GIVEN INFORMATION section start

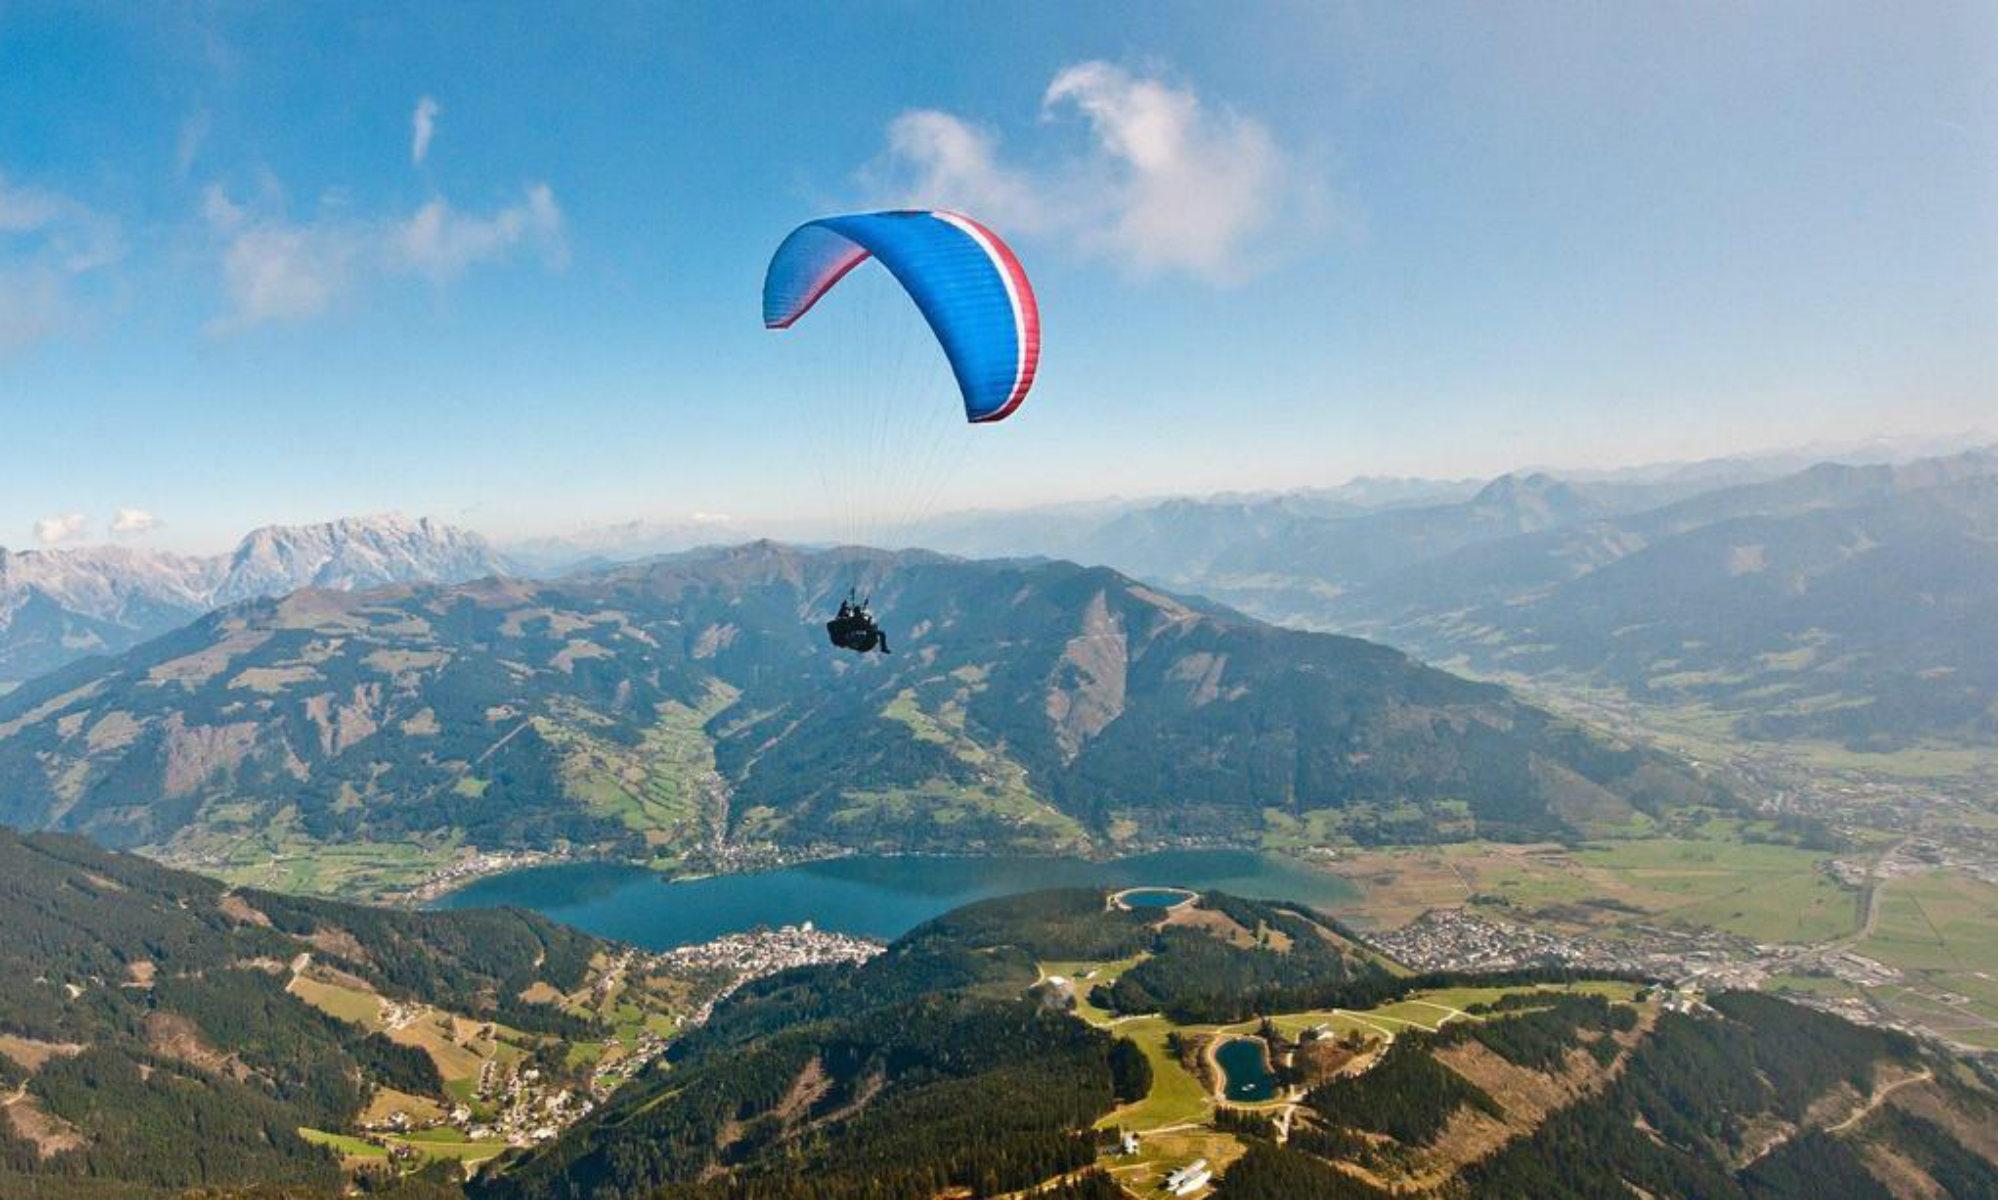 Ein Tandemflug mit Blick auf die Kitzbüheler Alpen - im Hintergrund liegt der Zeller See.
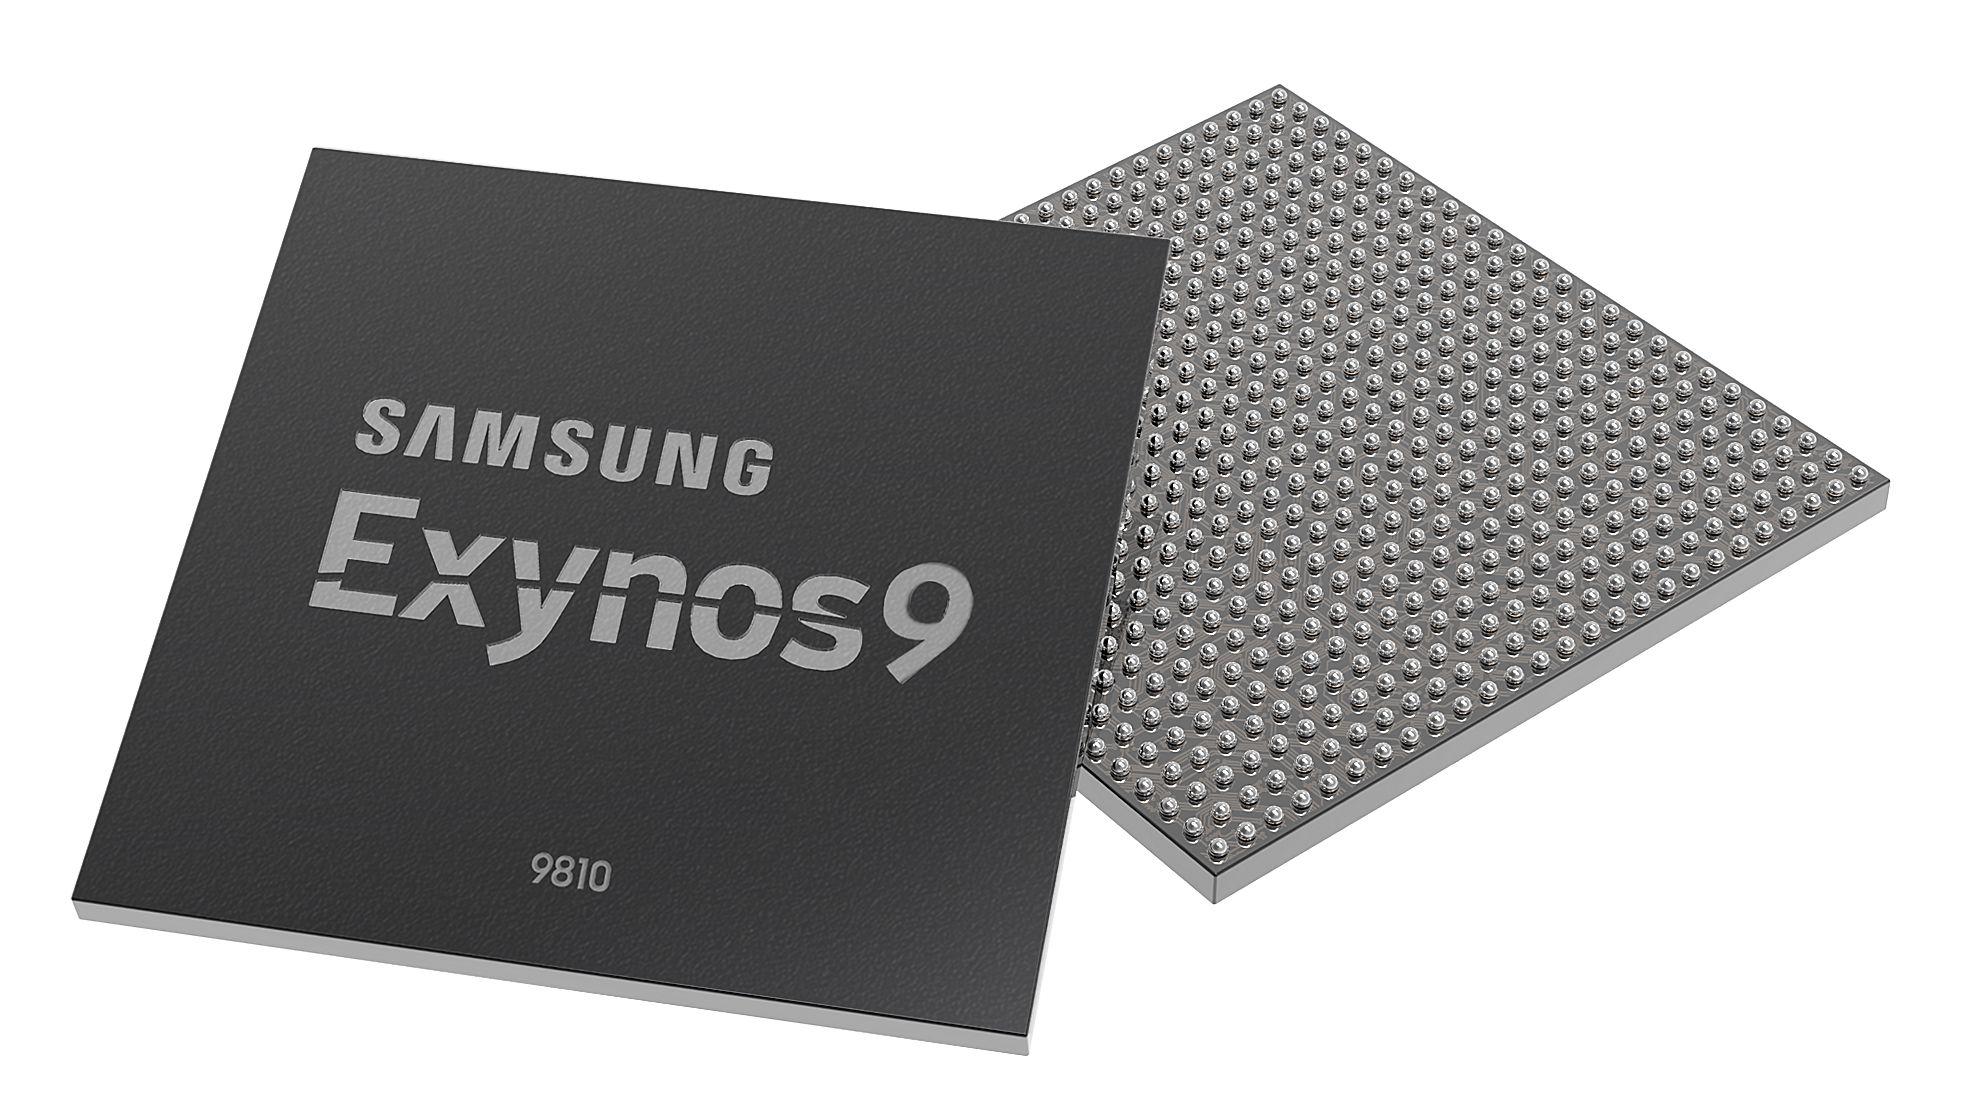 Nye detaljer om Samsungs nye prosessor avslører iPhone X-lignende funksjoner
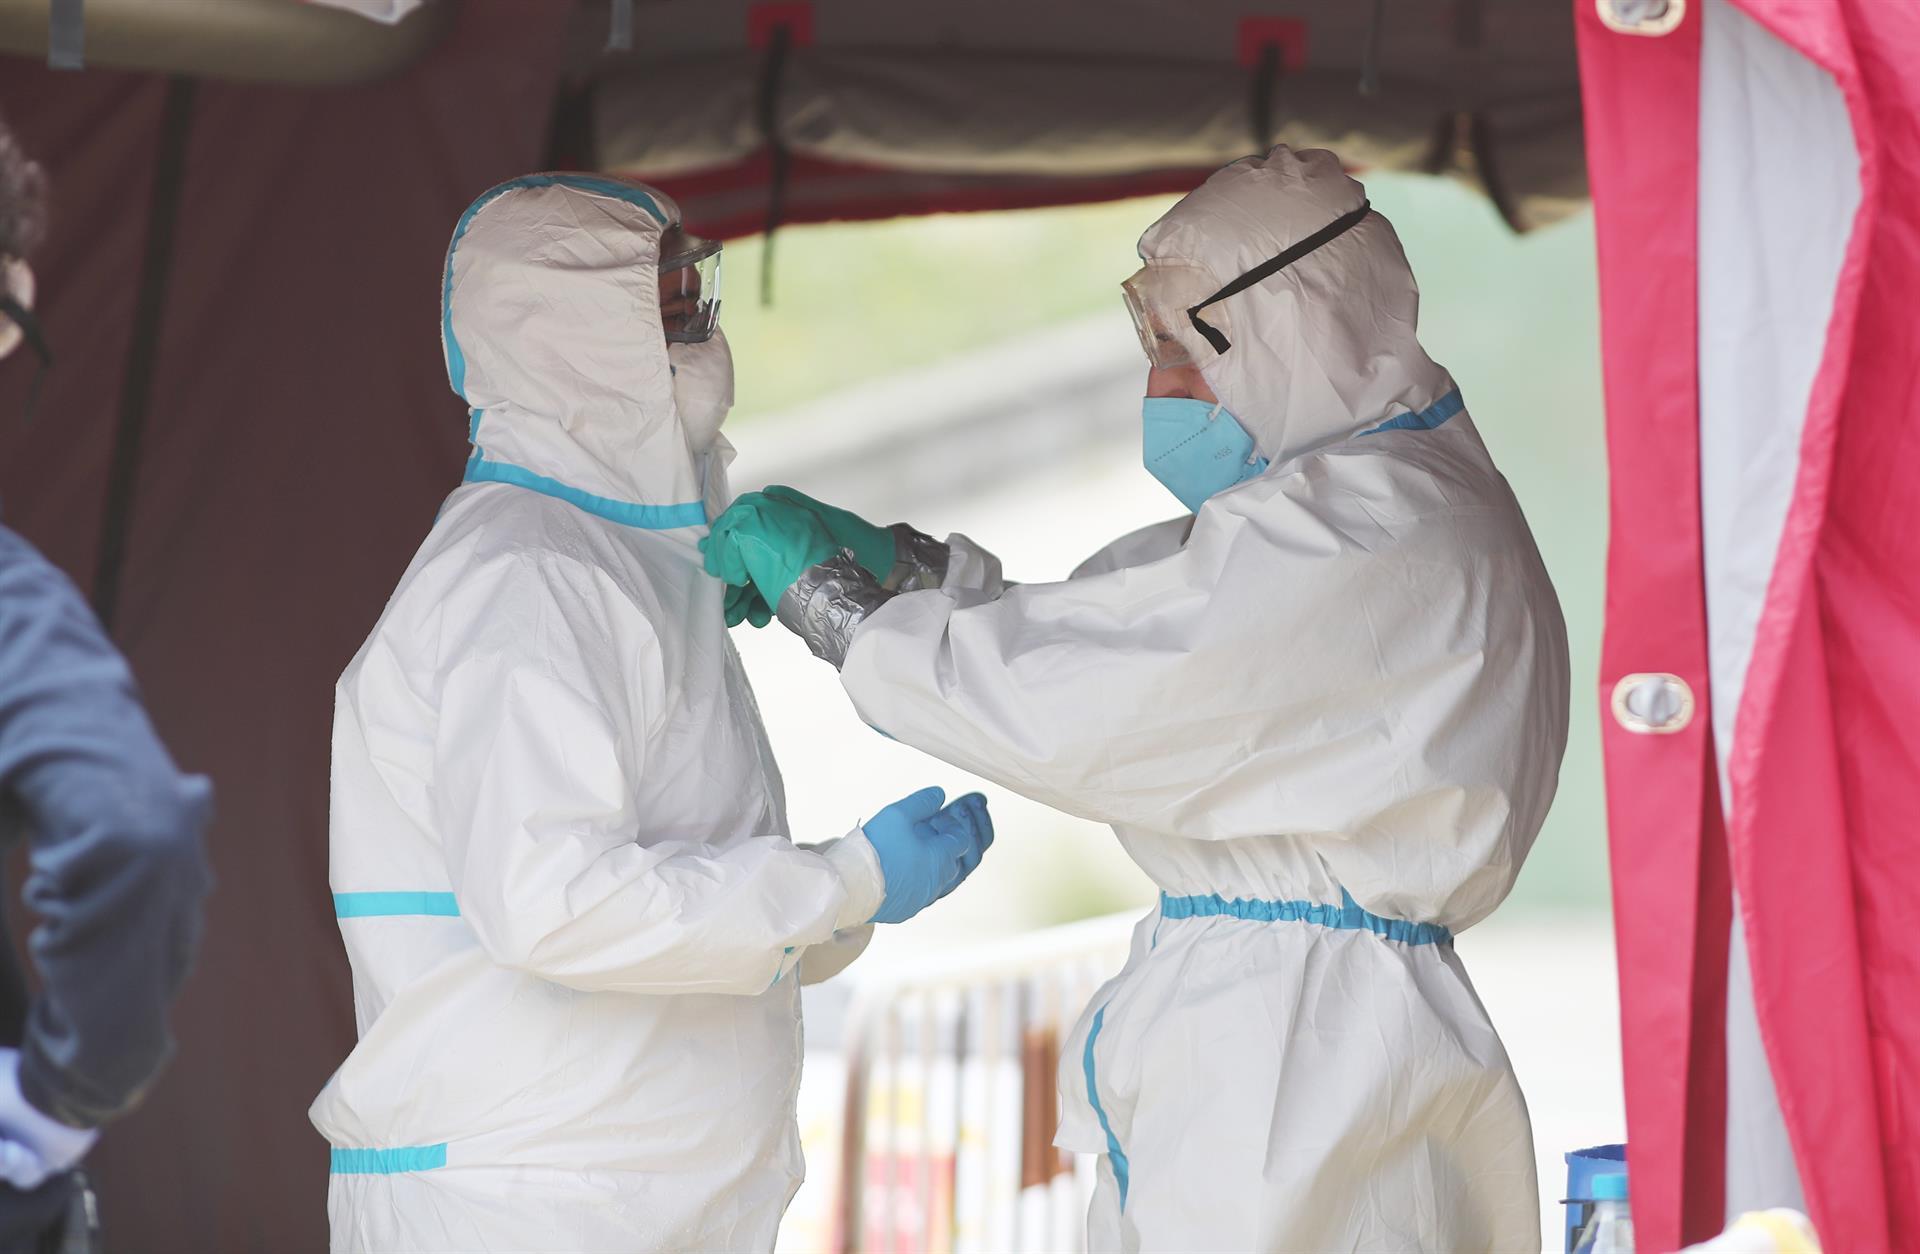 sanitarios con equipos de protección frente a la Covid-19. – Eduardo Parra – Europa Press – Archivo

GIVEN INFORMATION section end

## TASK INSTRUCTIONS
Transcribe all the material exactly; skip every image.

## RESPONSE
 Ein Tandemflug mit Blick auf die Kitzbüheler Alpen - im Hintergrund liegt der Zeller See.
 Nye detaljer om Samsungs nye prosessor avslører iPhone X-lignende funksjoner
 sanitarios con equipos de protección frente a la Covid-19. – Eduardo Parra – Europa Press – Archivo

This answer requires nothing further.